Top of Given records

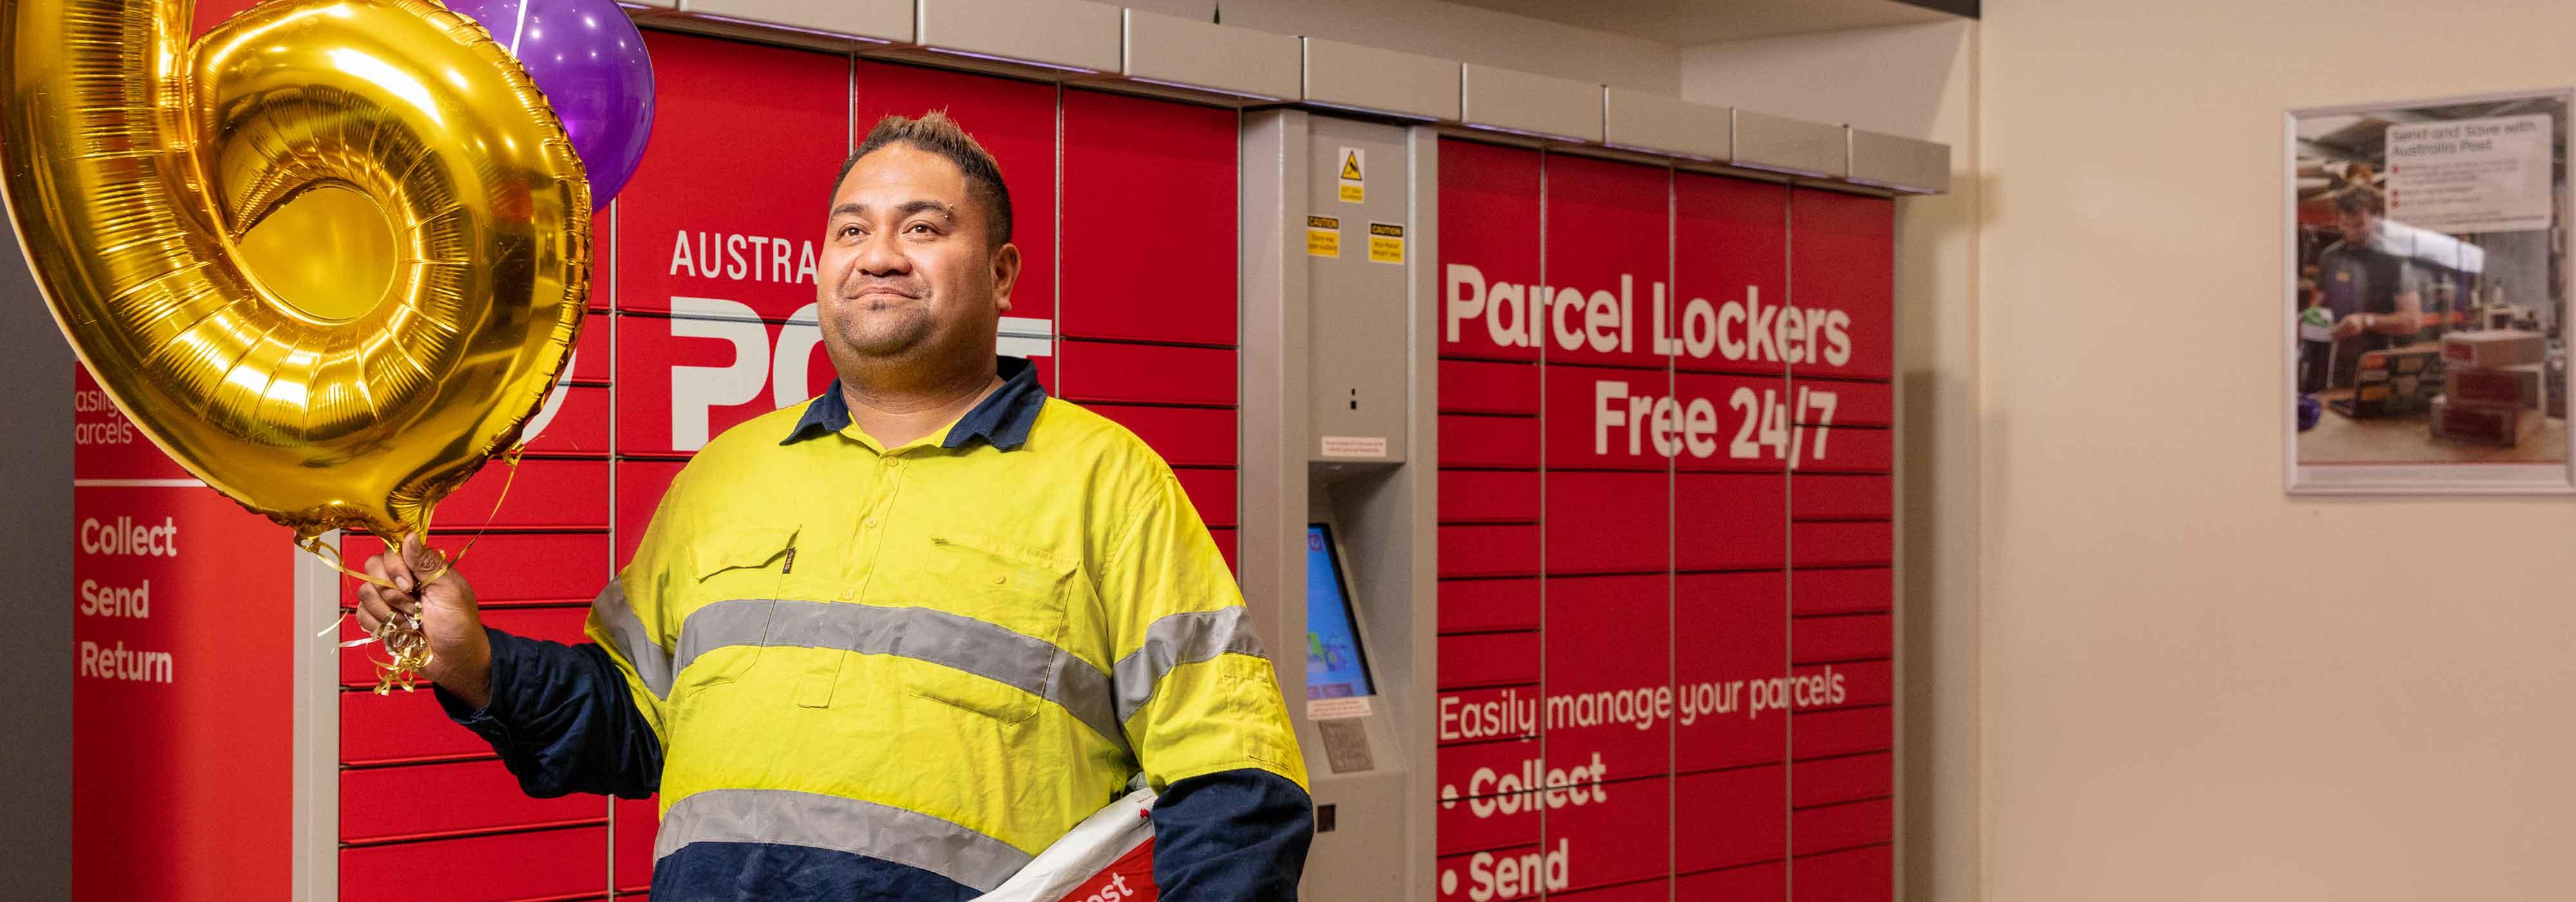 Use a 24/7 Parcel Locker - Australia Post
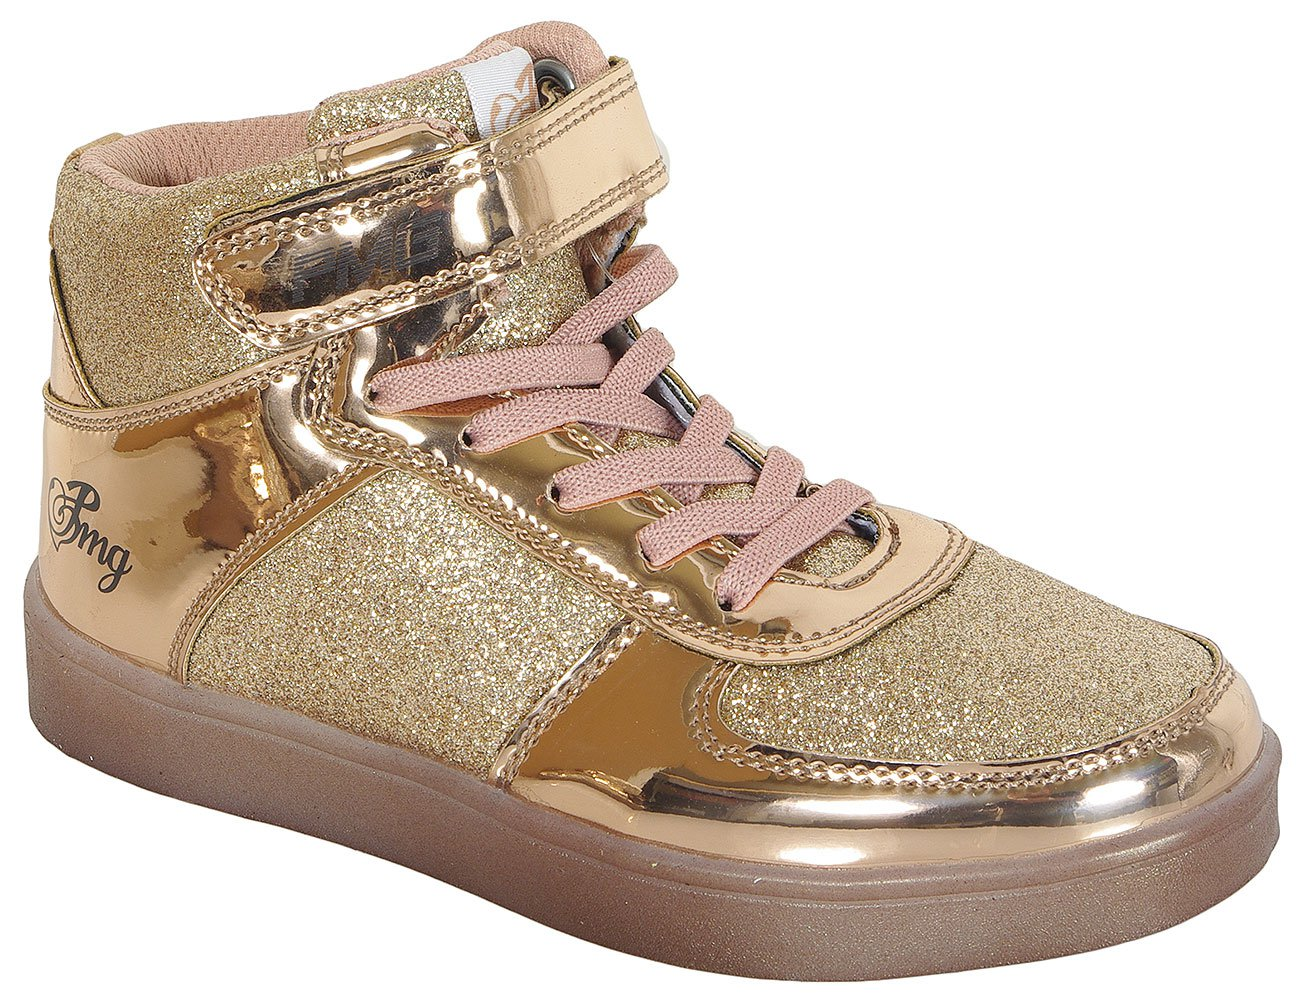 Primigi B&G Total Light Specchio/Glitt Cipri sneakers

Bottom of Given records
Top of Given records

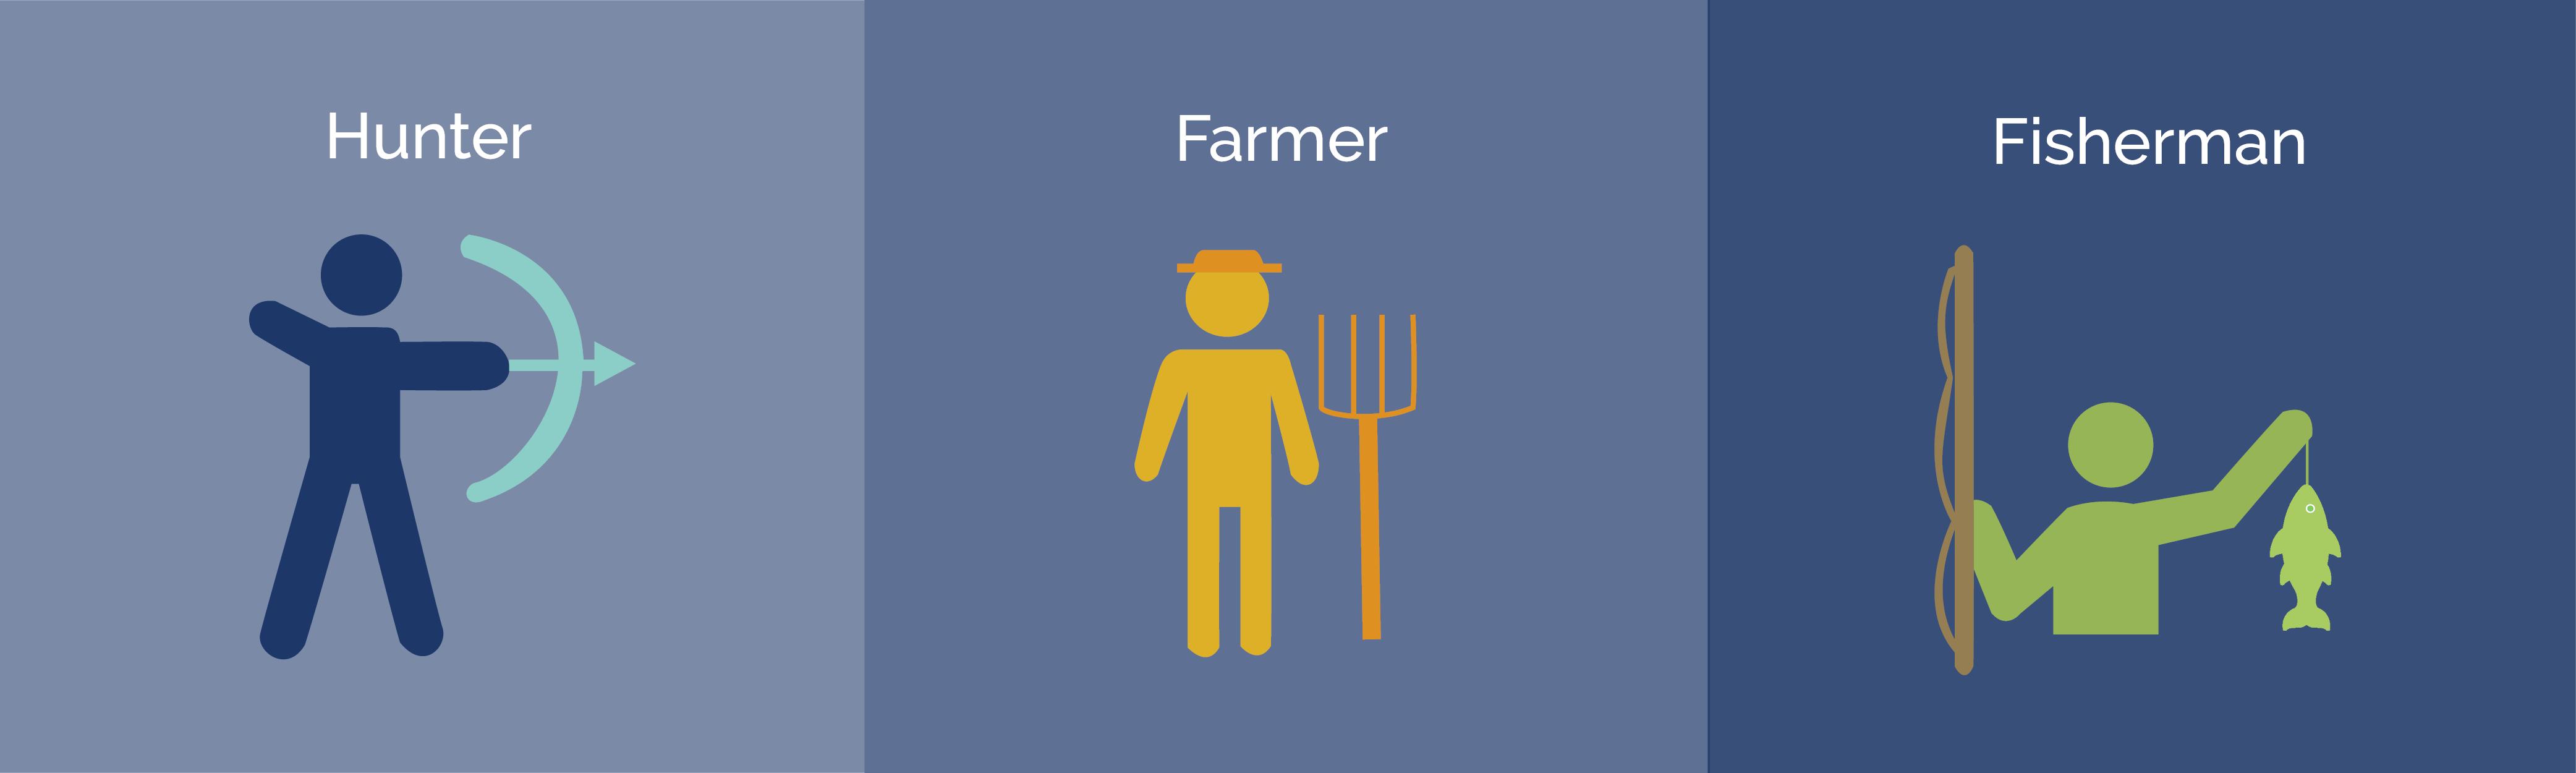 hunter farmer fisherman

Bottom of Given records

→ Task description
Look back over the records above. Reproduce exactly everything from the line with "Use a 24/7 Parcel Locker - Australia Post" down to the line with "Primigi B&G Total", inclusive, and leave the pictures out.

→ Answer to this problem
 Use a 24/7 Parcel Locker - Australia Post
 Primigi B&G Total Light Specchio/Glitt Cipri sneakers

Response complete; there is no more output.